The unrest in the CDU over the statements made by its chairman Merz on how to deal with the AfD was great. Hesse’s Prime Minister Rhein spoke in the daily topics now from “misunderstandings”. There is a “very deep ditch between the AfD and the CDU,” he said.
Hesse’s Prime Minister Boris Rhein does not see CDU chairman Friedrich Merz as damaged because of his statements on how to deal with the AfD. He said so in an interview with daily topics. There were “misunderstandings” and “misinterpretations”. In the end, Merz made his position clear. Incidentally, Rhein made it clear that Merz himself brought about the decision of the party executive on the incompatibility with the AfD.
Rhein, who has to pass state elections in Hesse in the fall, spoke of a “wild debate” about Merz’s statements. Now, however, “a lot of clarity” has been created. “There is a clear, unambiguous and also very thick firewall to the AfD,” said Rhein. “The firewall is up and it’s very strong,” he added. And there is not only a dividing line and firewall, but also a “very deep ditch between AfD and CDU”.
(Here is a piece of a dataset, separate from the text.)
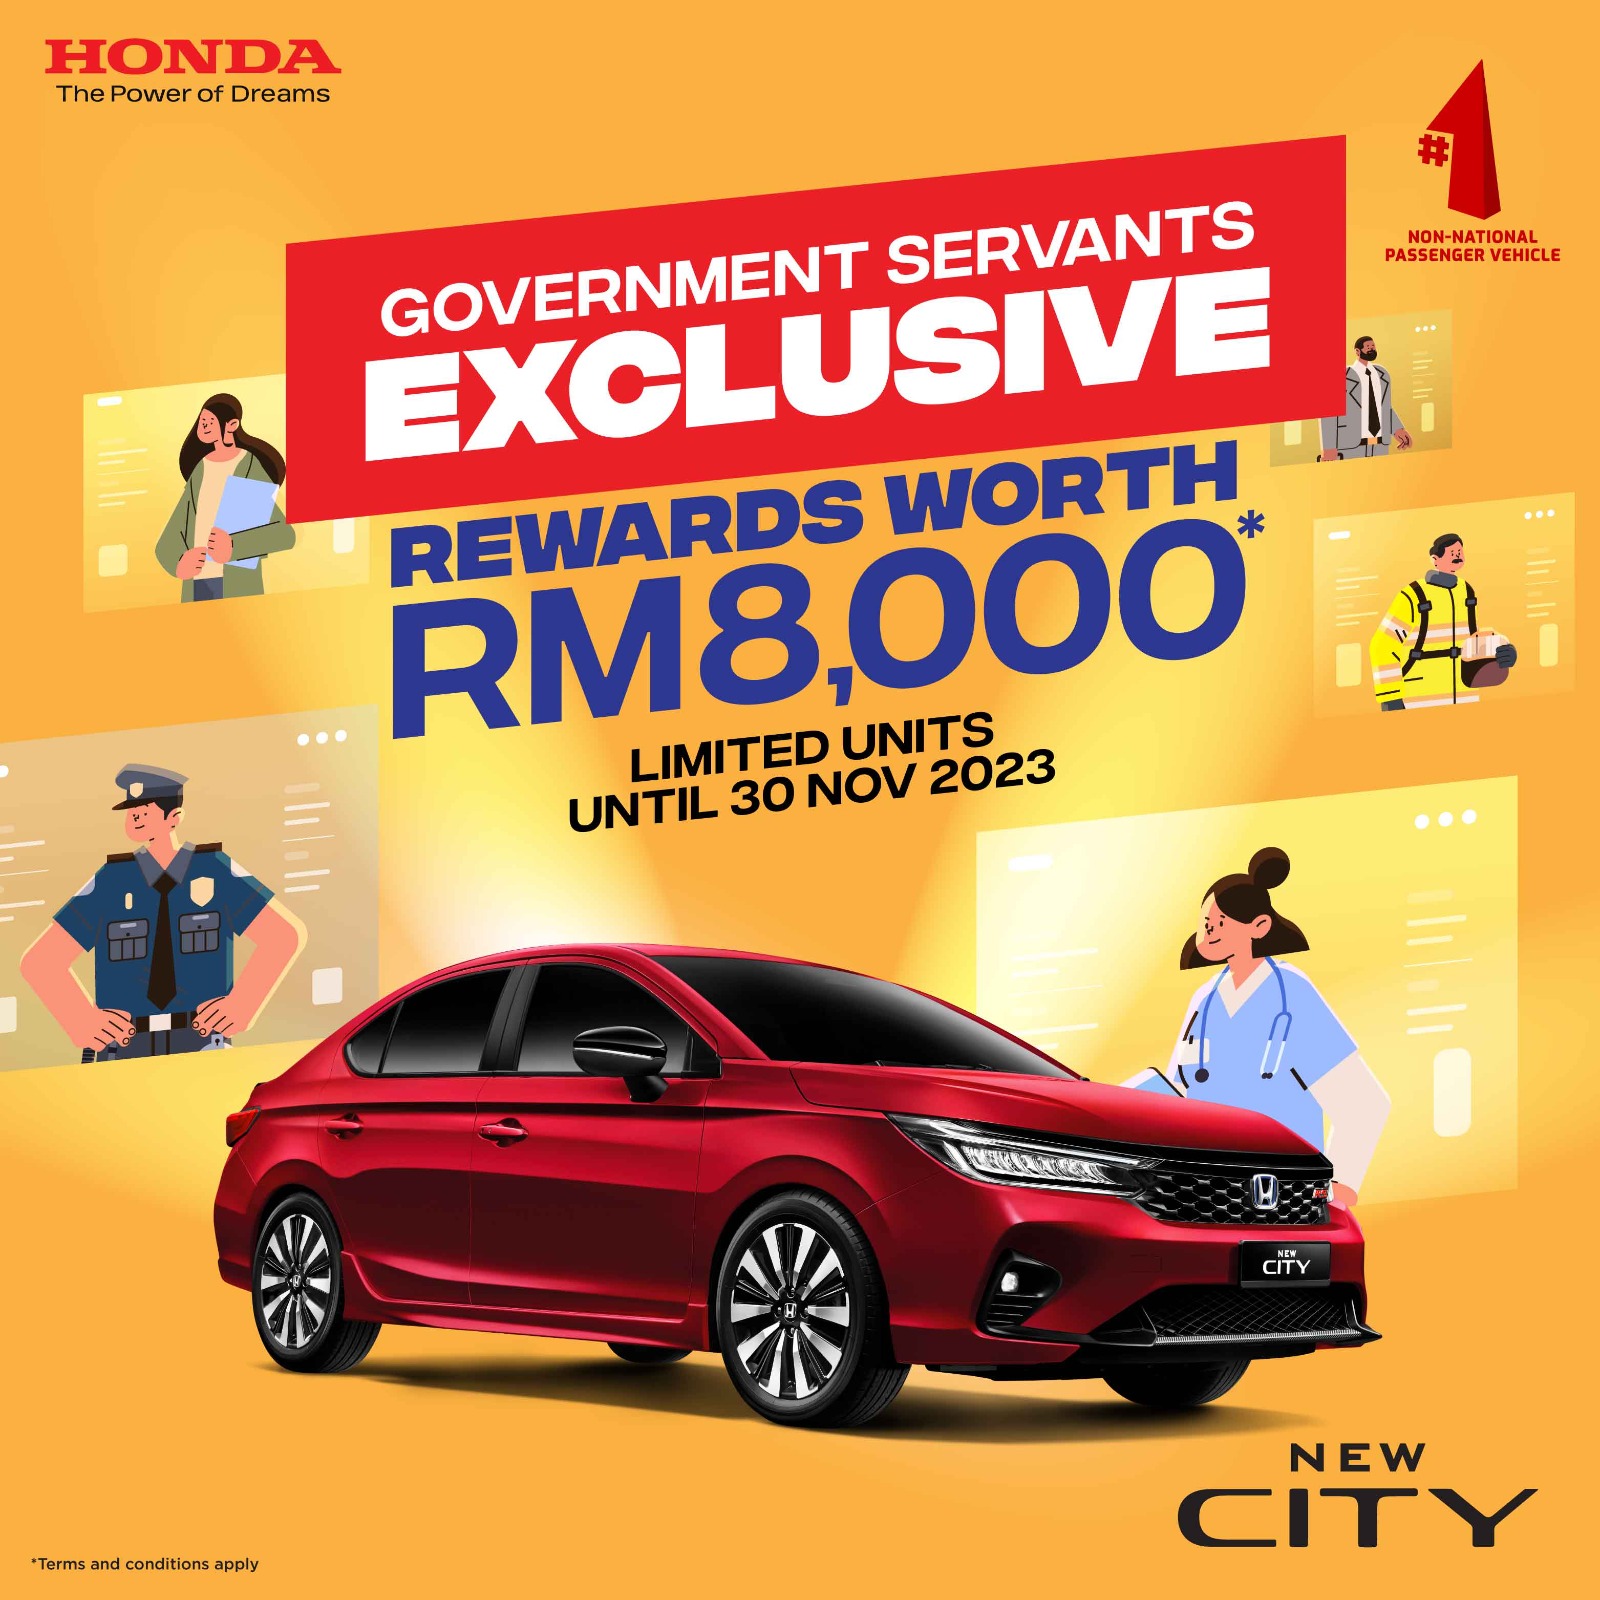 honda malaysia’s exclusive year-end promotion for government servants

Merz: draft resolution the CDU applies
CDU leader Friedrich Merz confirmed in the ZDF summer interview on Sunday that the Union would not cooperate with the AfD. However, he limited this to “legislative bodies” – for example at the European, federal or state level. If a district administrator in Thuringia and a mayor in Saxony-Anhalt were elected by the AfD, then those were democratic elections, said Merz. “We have to accept that. And of course the local parliaments have to look for ways to shape the city, the state, the district together,” he explained in the ZDF summer interview.
However, Merz subsequently received such severe criticism within his own party that he published a clarification on Monday morning in which he qualified his statements. In a dpa interview, Merz called it “completely absurd” to deduce from his words that he had opened the way for cooperation with the AfD at the municipal level. The CDU leader also emphasized via Twitter: “To make it clear again, and I have never said it differently: the decision of the CDU applies. There will also be no cooperation between the CDU and the AfD at the municipal level.
“Right-wing extremists remain right-wing extremists”
The so-called incompatibility resolution of the CDU, to which several party members referred, says, among other things: “Anyone who pleads for a rapprochement or even cooperation with the AfD in the CDU must know that they are approaching a party that deliberately tolerates right-wing extremist ideas, anti-Semitism and racism in its ranks. (…). The CDU rejects any coalitions or similar forms of cooperation with the AfD.”
The Vice President of the Bundestag, Yvonne Magwas, who is also a member of the CDU Presidium, wrote in response to Merz’s statements ZDF-Interview on Twitter: “Whether local council or Bundestag, right-wing radicals remain right-wing radicals. For Christian Democrats, right-wing radicals are always the enemy!” The CDU foreign politician Norbert Röttgen emphasized that his party had decided to ban cooperation with the AfD. “Anyone who wants to change that must find a majority at a federal party conference of the CDU.”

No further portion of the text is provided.